40. New Common Shares and New Preferred Shares to be issued upon implementation of the Plan will not be qualified for distribution to the public under any applicable Canadian securities laws and will be subject to restrictions on transfer in Canada. New Common Shares and New Preferred Shares will be distributed to the Initial Consenting Noteholders and other affected unsecured creditors that become Post-Closing Securityholders under the Plan, pursuant to the exemption from the prospectus requirement in section 2.11 of National Instrument 45-106 Prospectus and Registration Exemptions, and such securities held by such persons will be subject to the resale restrictions specified in subsection 2.6(3) of National Instrument 45-102 Resale of Securities.
41. The Exemptive Relief Sought has been applied for in all jurisdictions of Canada in which the Filer is currently a reporting issuer, and if it is granted (i) the Filer will cease to be a reporting issuer in any jurisdictions of Canada and (ii) LPR Canada will not become a reporting issuer in any jurisdiction as a consequence of the Plan and completion of the transactions provided therein.
42. Upon implementation of the Plan no securities of the Filer or of LPR Canada, including debt securities, will be traded in Canada or another country on a "marketplace" (as that term is defined in National Instrument 21-101 Marketplace Operation) or any other facility for bringing together buyers and sellers of securities where trading data is publicly reported.
43. Lone Pine and LPR Canada have no current intention to seek financing by way of public offering of securities in Canada or to distribute securities to the public in Canada (other than New Common Shares and New Preferred Shares on the Plan Implementation Date as described in paragraph 16 above).
44. The Filer will promptly issue a news release upon the occurrence of the Plan Implementation Date.

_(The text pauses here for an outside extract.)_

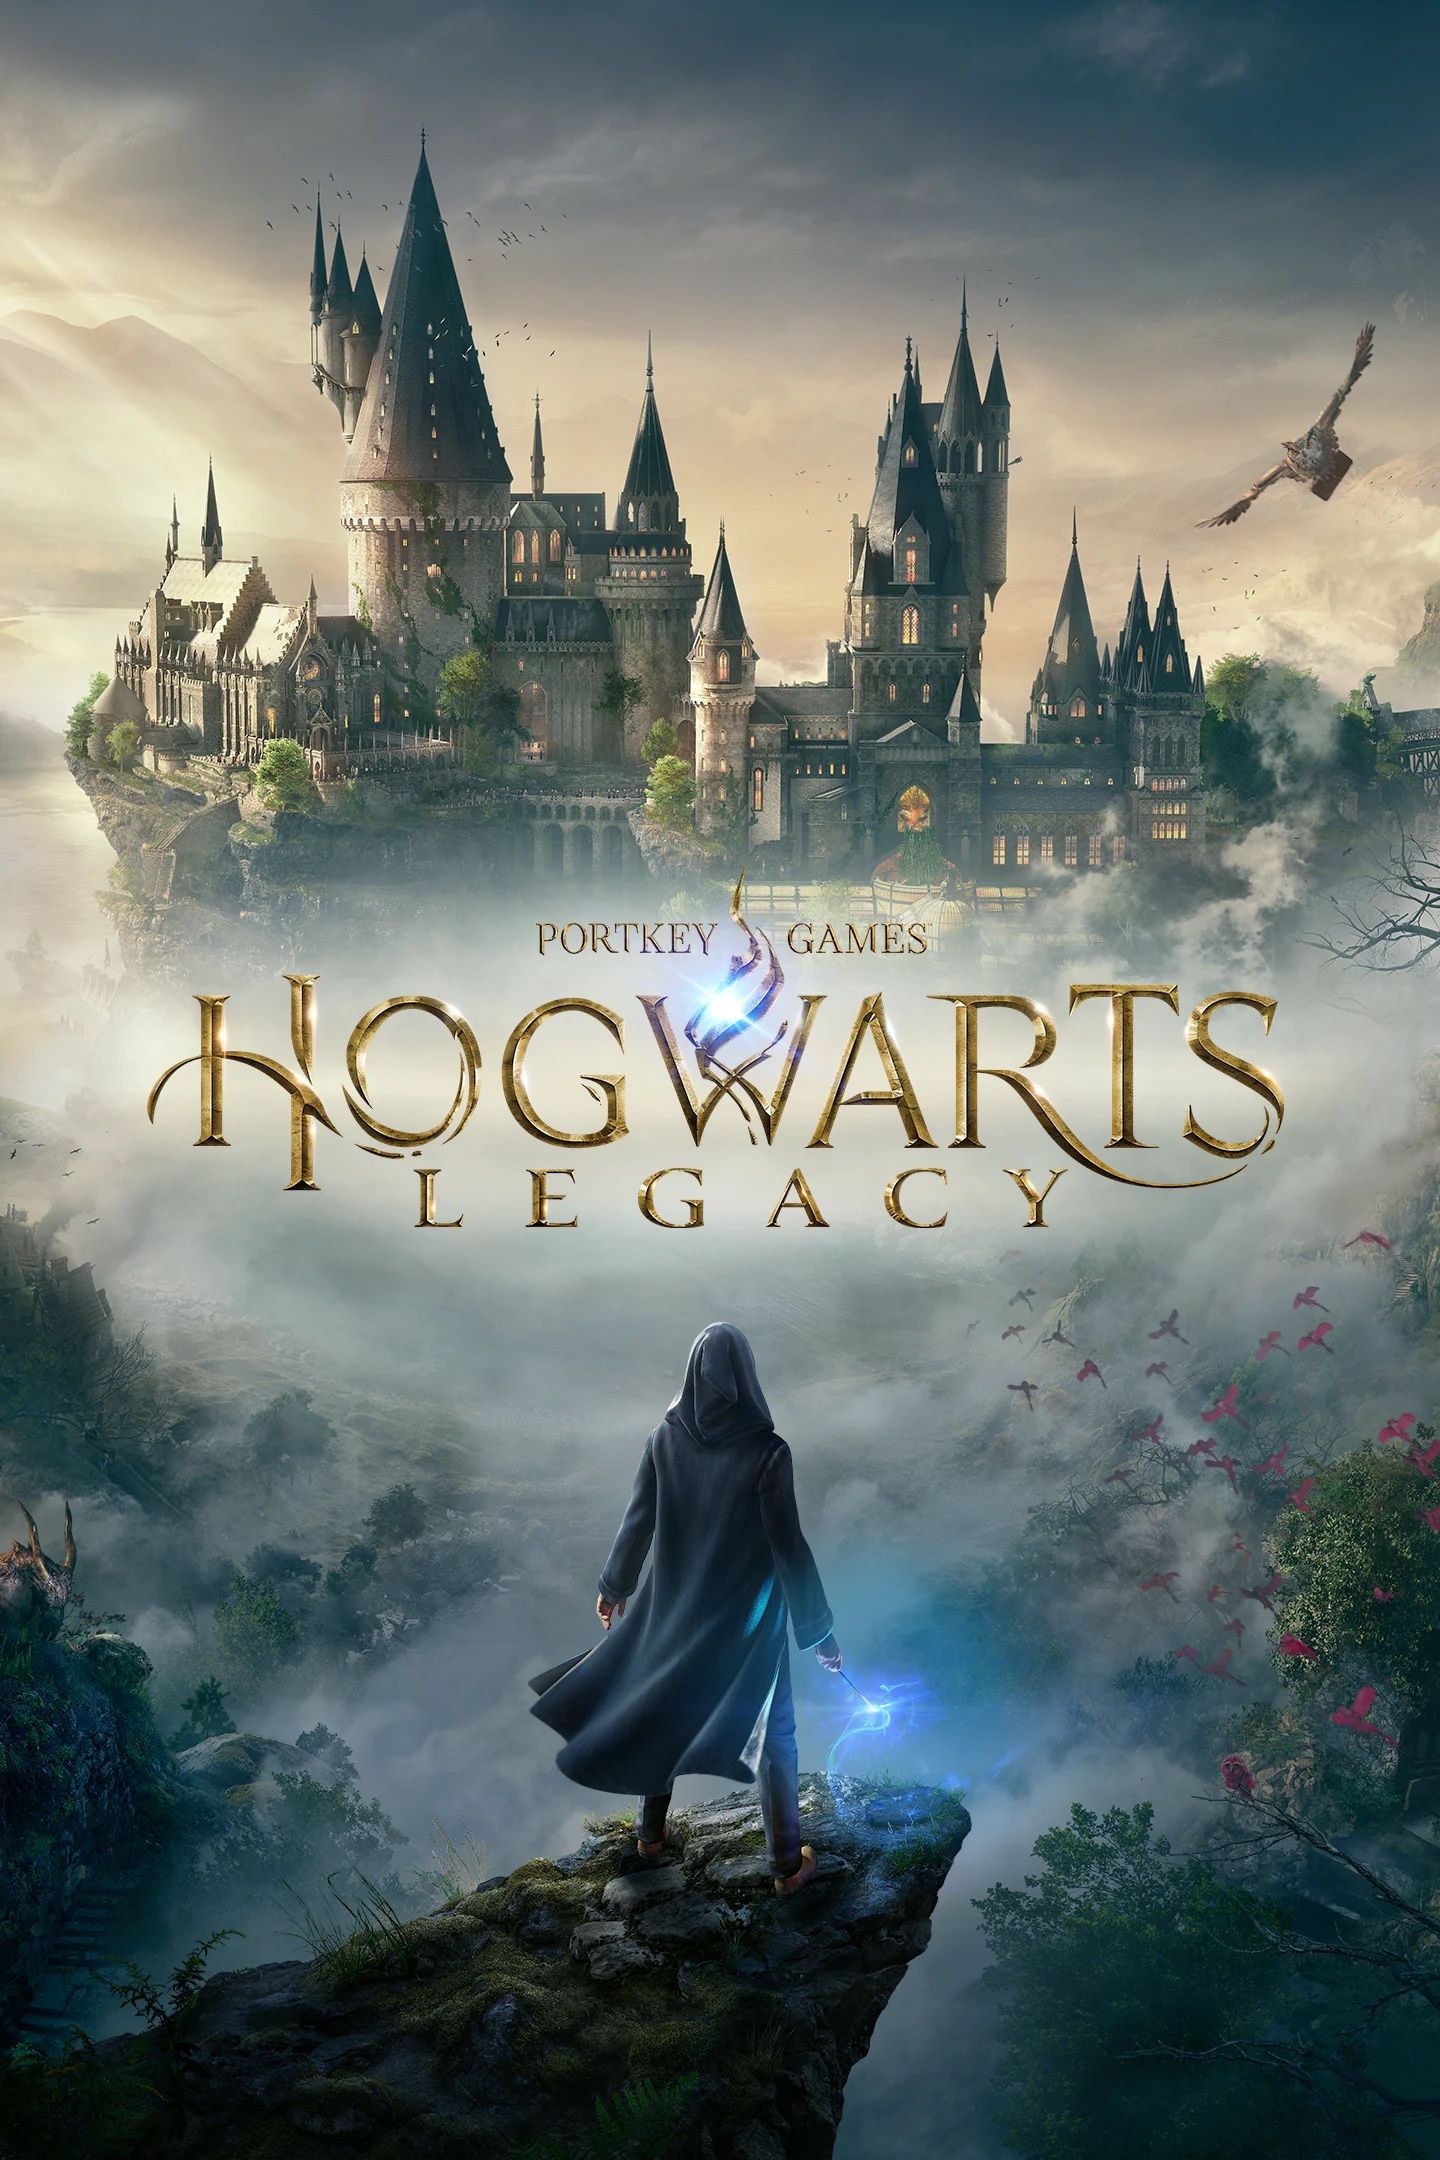 Hogwarts Legacy PlayStation exclusive quest finally coming to Xbox this year

The news release will specify that the Filer is no longer a reporting issuer as of the Effective Time on the Plan Implementation Date.

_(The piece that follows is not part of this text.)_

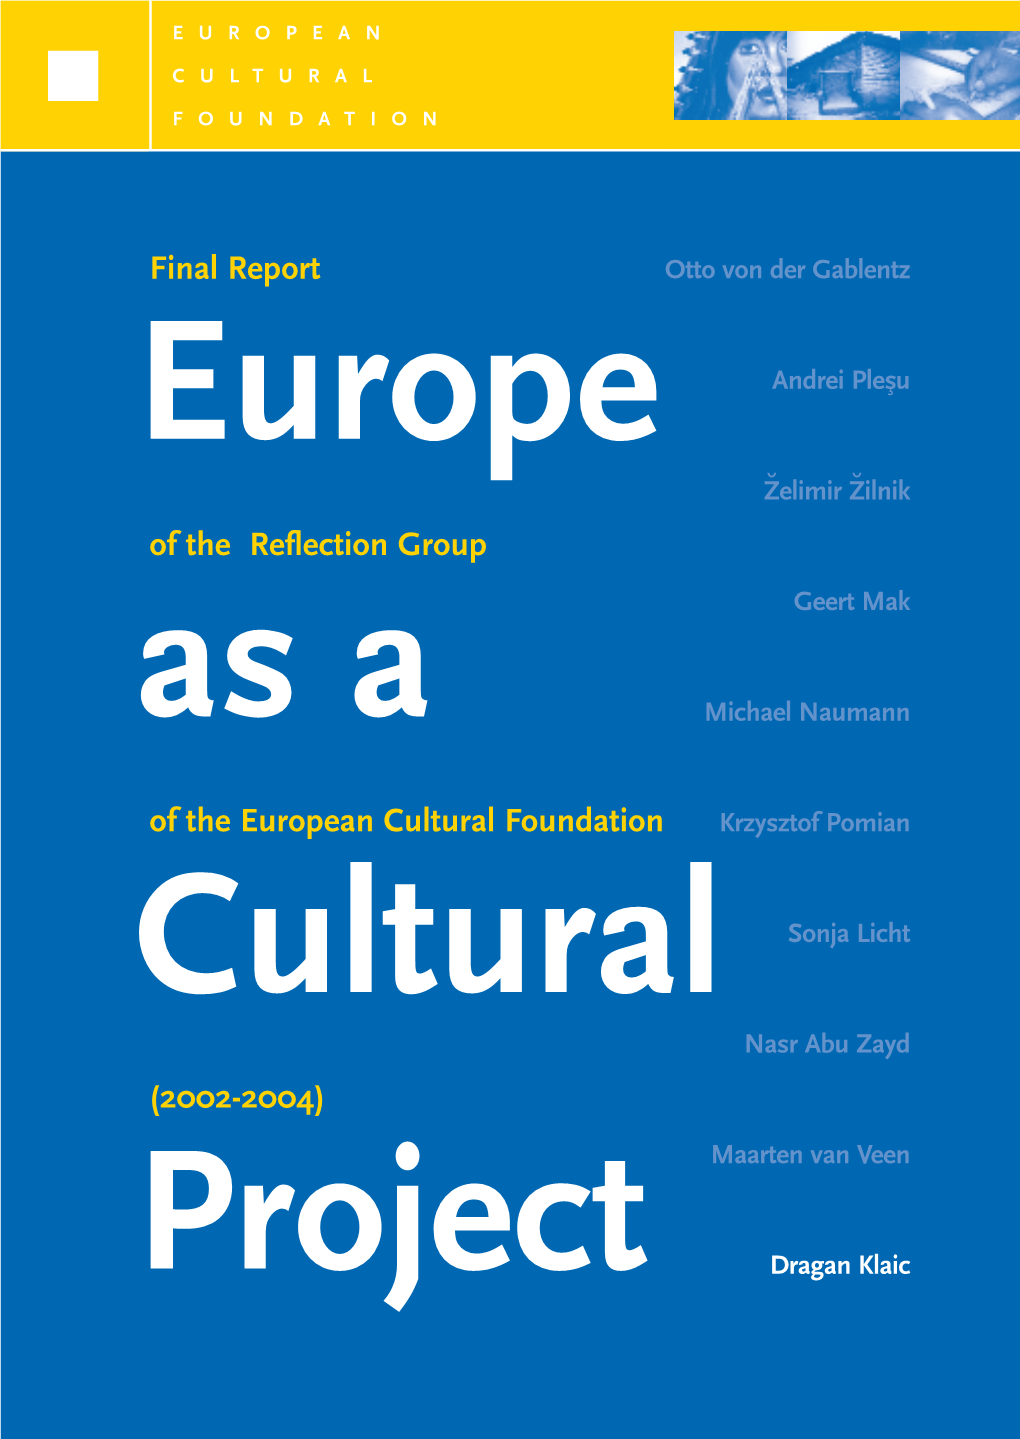 Final Report of the Reflection Group of the European Cultural Foundation (2002-2004)

Each of the Decision Makers is satisfied that the decision meets the test set out in the Legislation for the Decision Maker to make the decision.
The decision of the Decision Makers under the Legislation is that provided that the Plan Implementation Date occurs on or before February 28, 2014, the Exemptive Relief Sought is granted effective immediately before the Effective Time on the Plan Implementation Date.